BY RAY STILL

You can download the all emails sent to the CPJ here: Download Emails

A phone in Sem II E on the first floor. The sticker brings attention to the Patriot Act.
A phone in Sem II E on the first floor. The sticker brings attention to the Patriot Act.

On Feb. 25, civil rights lawyer Larry Hildes said on Democracy Now! that The Evergreen State College Police Services has “spied on, infiltrated, or otherwise monitored the activities of Port Militarization Resistance and/or related or associated activists.”

Hildes said that emails, found public through public information requests, show that the Evergreen State College gave reports on the Students for a Democratic Society student group on campus to other police agencies in the state. They include the Thurston County Sheriff’s Office, the Olympia Police Department, the US Capitol Police Department, and John Towery.

John Towery was revealed to be a military spy in 2009—his purpose was to infiltrate activist groups in the Pacific Northwest, including Port Militarization Resistance (PMR) and Students for a Democratic Society (SDS) and share information with other police, army, and intelligence agencies in the area.

Brendan Maslauskas Dunn and Alex Bryan, both Greener alums and SDS members, worked with Hildes to discover “almost certainly hundreds and possibly thousands” of emails that show that Evergreen Police Services was sharing information about student activists and events on campus with outside police agencies.

They also discovered emails that show Ed Sorger, Evergreen’s police chief, was receiving information from Washington Joint Analytics Center—the information hub that Towery gave his information to. With the help of Peter Bohmer, an Evergreen faculty member, Dunn made these accusations over the TESC Crier listserv.

The CPJ and the Geoduck Student Union, which is conducting a separate investigation into these allegations, were sent a sample of the emails found by Hildes, Dunn, and Bryan.

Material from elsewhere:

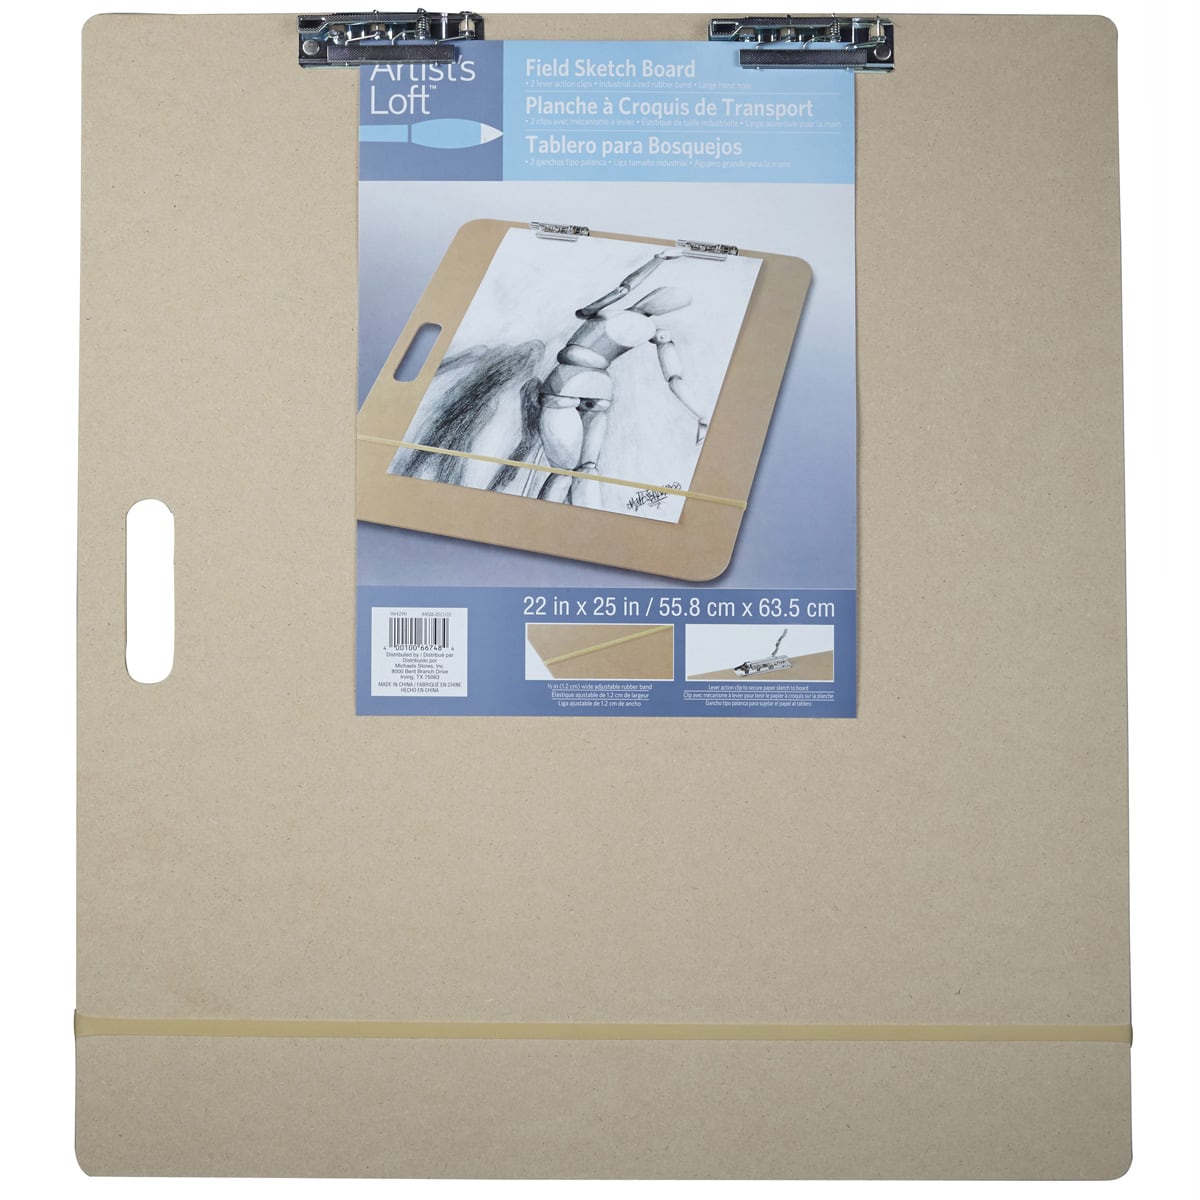 Acurit PXB Drawing Boards for Artists and Designers - Portable Workspace  for Drawing, Sketching, Drafting, Painting - Multi-Angled Laminated Surface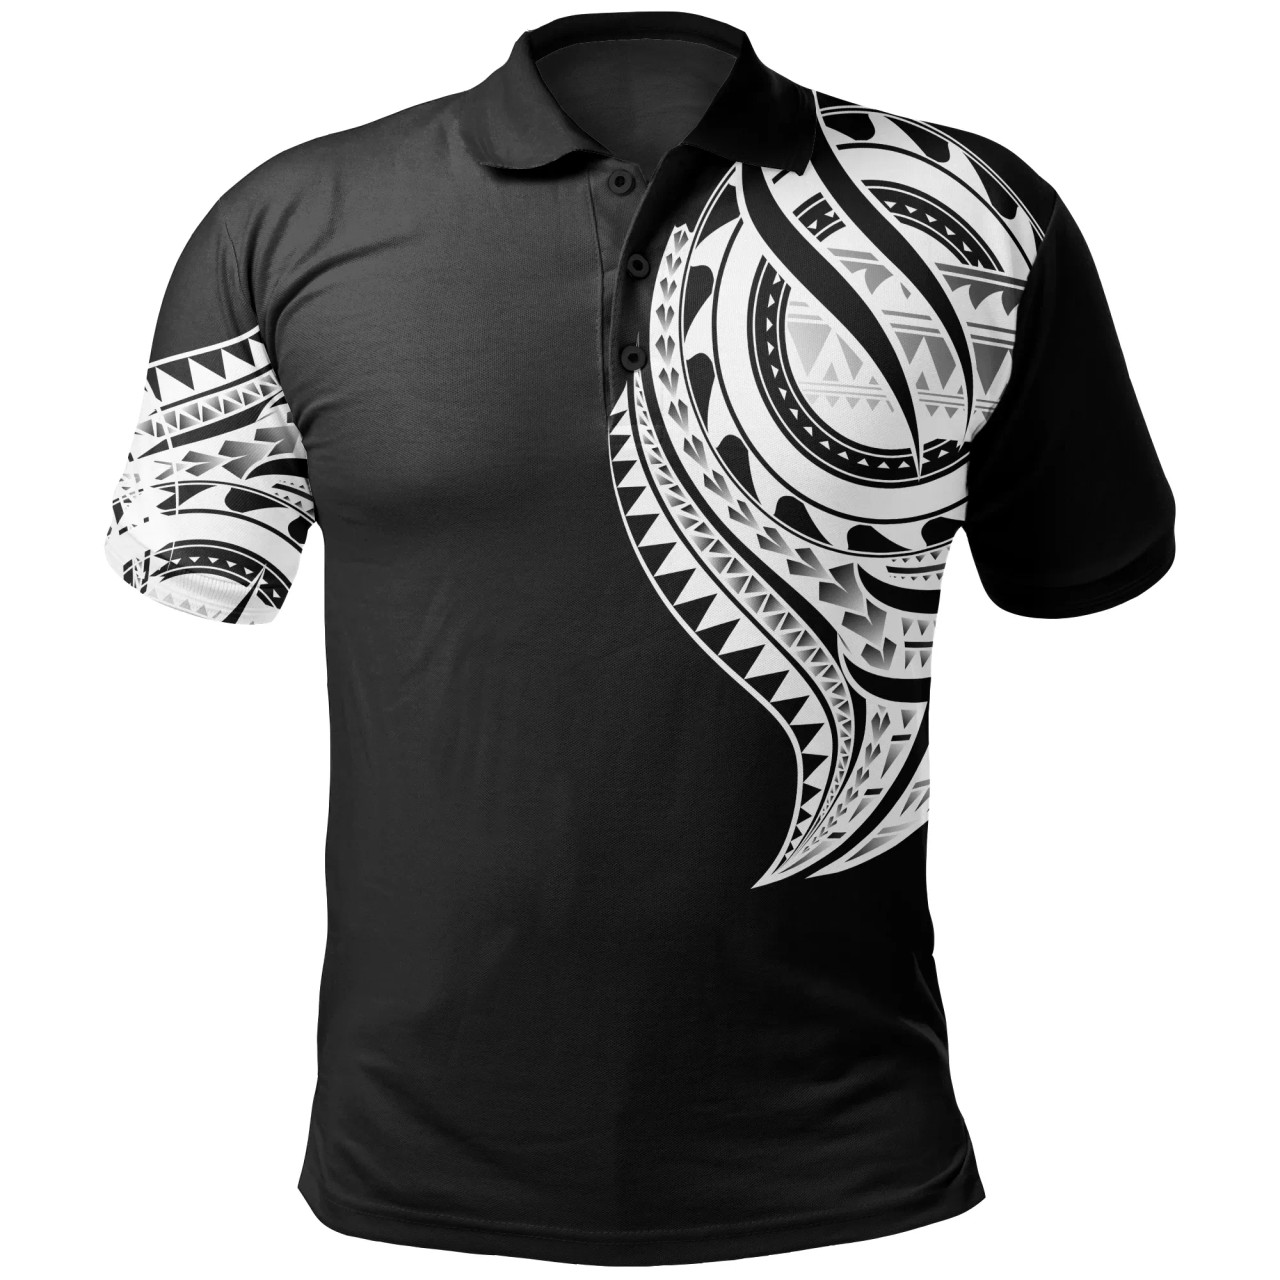 Yap State Polo Shirt - Yap State Tatau White Patterns With Coat Of Arms 1

The Emails and “Students of Concern”

Most of the information detailed in the emails came from the TESC Talk or Crier listserv. TESC Talk and Crier used to be public until 2006, when TESC made the service available only to the Evergreen community.

Three of these emails are short discussions about events that would occur off campus, in the jurisdiction of Olympia police and Thurston County Sheriffs. Sorger forwarded these emails to the Olympia police and the sheriff’s office. The events were a “Rally to Prevent Militarization of Public Port” on July 31, 2008, a “Proposition 8 Protest” on Nov.15, 2008, and a “Demand for Justice for Jose Ramirez-Jimenez” on Nov. 25, 2008.

One email conversation detailed an emergency SDS meeting on Nov. 1, 2007. The SDS meeting was on the Evergreen campus, and the subject of the meeting was to “discuss responses that the community can have to the further militarization of our port.” Sorger also forwarded this email to the OPD and the sheriff’s office.

Another email was about the Northwest Democratic National Convention/Republican National Convention Resistance Conference at Evergreen on Feb.9, 2008. The email originated from a US Capitol Police officer, who asked for information about the event from the OPD. Lt. Jim Pryde referred the officer to Sorger, “since this event is in his jurisdiction,” Pryde wrote in reply to the officer. It is not known how the information was given to the US Capitol Police.[pullquote_right]We all have a right to lead private lives, engage in political discourse, and petition the government without being subject to additional scrutiny, surveillance, or harassment.”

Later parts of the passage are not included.